Novo Nordisk’s Chief Scientific Officer, Marcus Schindler, told Stat News that they are just beginning to think about this:

“We have a very early think tank on: what would it take us, from a technology point of view and from an ecosystem point of view, to make long-lasting GLP-1 molecules? Could we think about vaccine-like properties, where imagine you had, once a year, an injection with an equivalent of a GLP-1 that really helps you to maintain weight loss and have cardiovascular benefits?”

Maridebart Cafraglutide (MariTide)

Structure of Maridebart CafraglutideFor Amgen, this is more than just a hypothetical. The company is developing a unique dual agonist/antagonist called maridebart cafraglutide. It acts on both GIP (glucose-dependent insulinotropic polypeptide) and GLP-1 receptors. However, this is not the only way in which it is different from existing GLP-1 medicines for obesity.

It is also worth noting that the GIP receptor antagonist part of this drug is actually a fully human monoclonal antibody. Using amino acid linkers, that antibody is bound to two GLP-1 agonist peptides. Yes, that’s a lot to wrap our heads around.
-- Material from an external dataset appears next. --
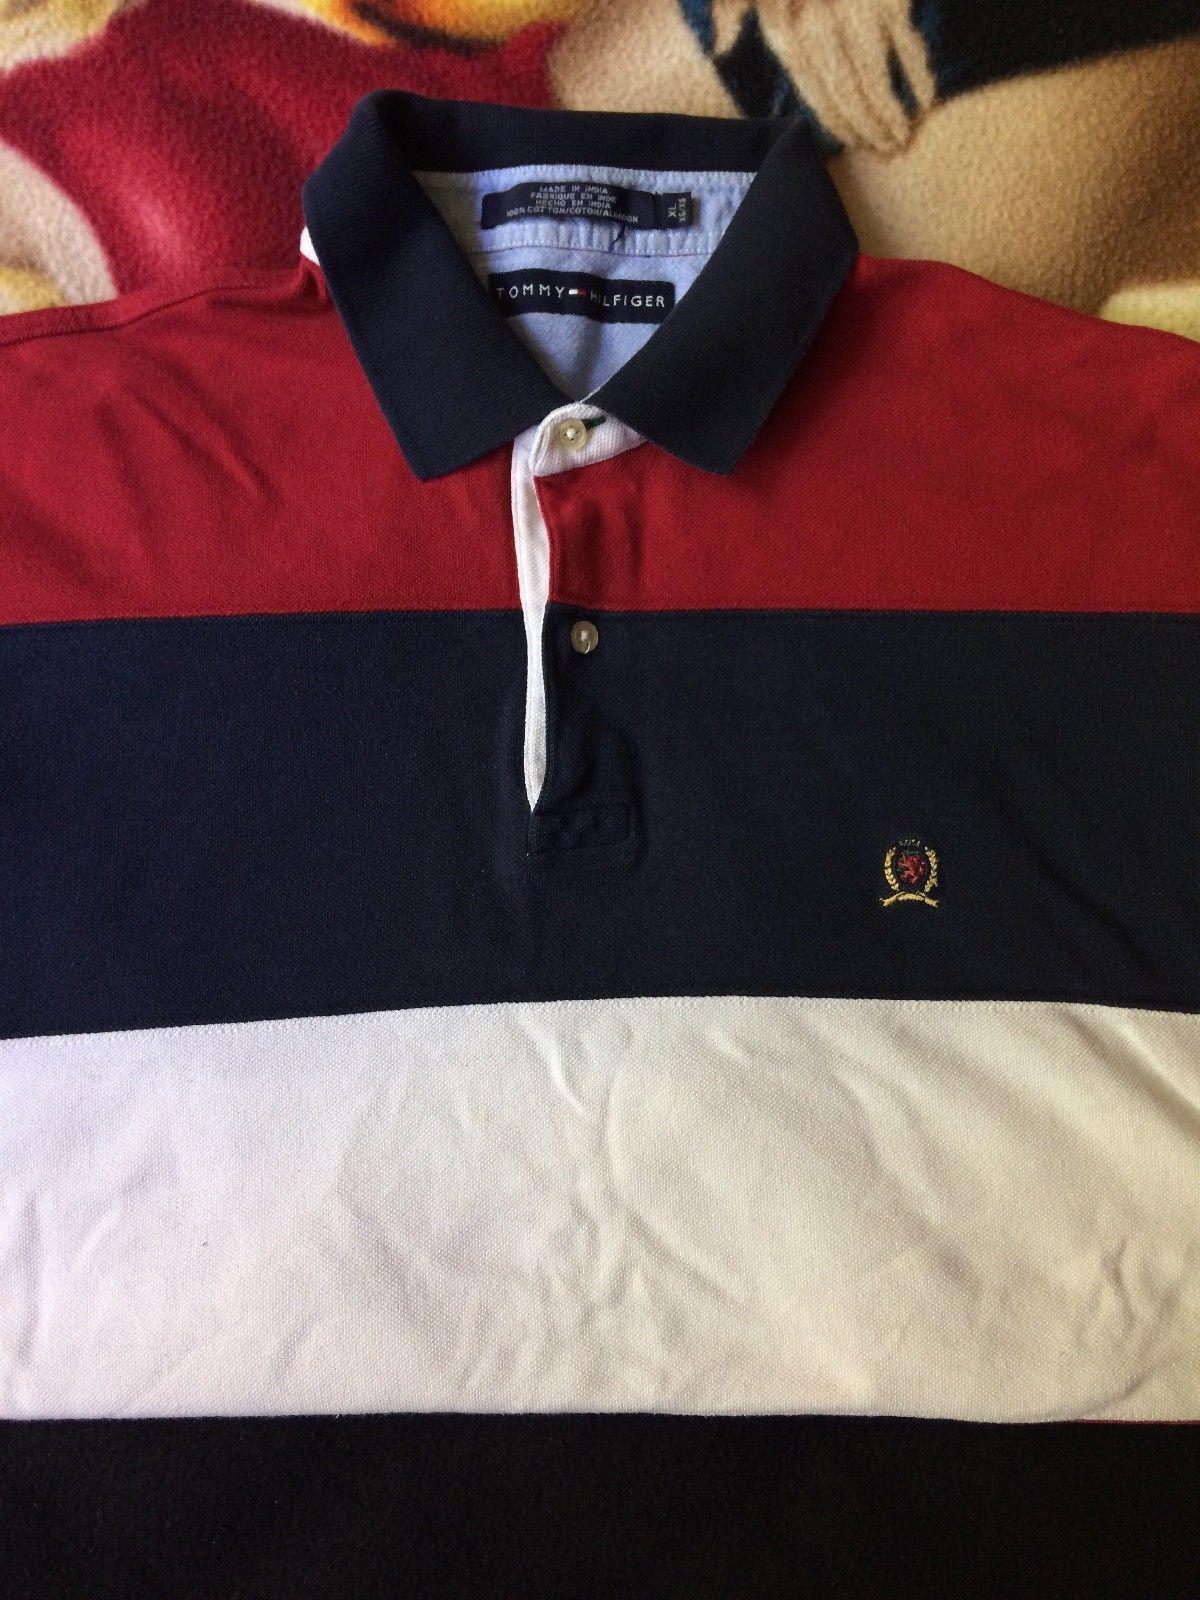 325eba11 Vintage Tommy Hilfiger Shirt Rugby Polo crest logo Long Sleeve Xl | eBay

But don’t worry. You won’t have to pass a quiz on peptide biochemistry to get this. Because what matters here is that this is a unique approach and it seems to yield a drug with a very long-lasting effect.

Exactly how long? That is uncertain. In phase 1 studies, Amgen scientists saw effects lasting for five months.

Many a Slip

Remember, even though Amgen has phase 1 data to suggest their medicine might work for a very long time, they still have a lot more to learn. Phase 2 data is due this year and will give us much more confidence that this could work. Even then, there will be plenty of possibilities down the road for maridebart cafraglutide to fail. With a high degree of innovation comes a higher risk of unexpected outcomes. There is many a slip twixt the cup and the lip, as they say.

But this is an exciting possibility. Because getting a shot once or twice a year to prevent obesity from coming back feels very different from having to keep taking a daily pill or a weekly shot of obesity medicines.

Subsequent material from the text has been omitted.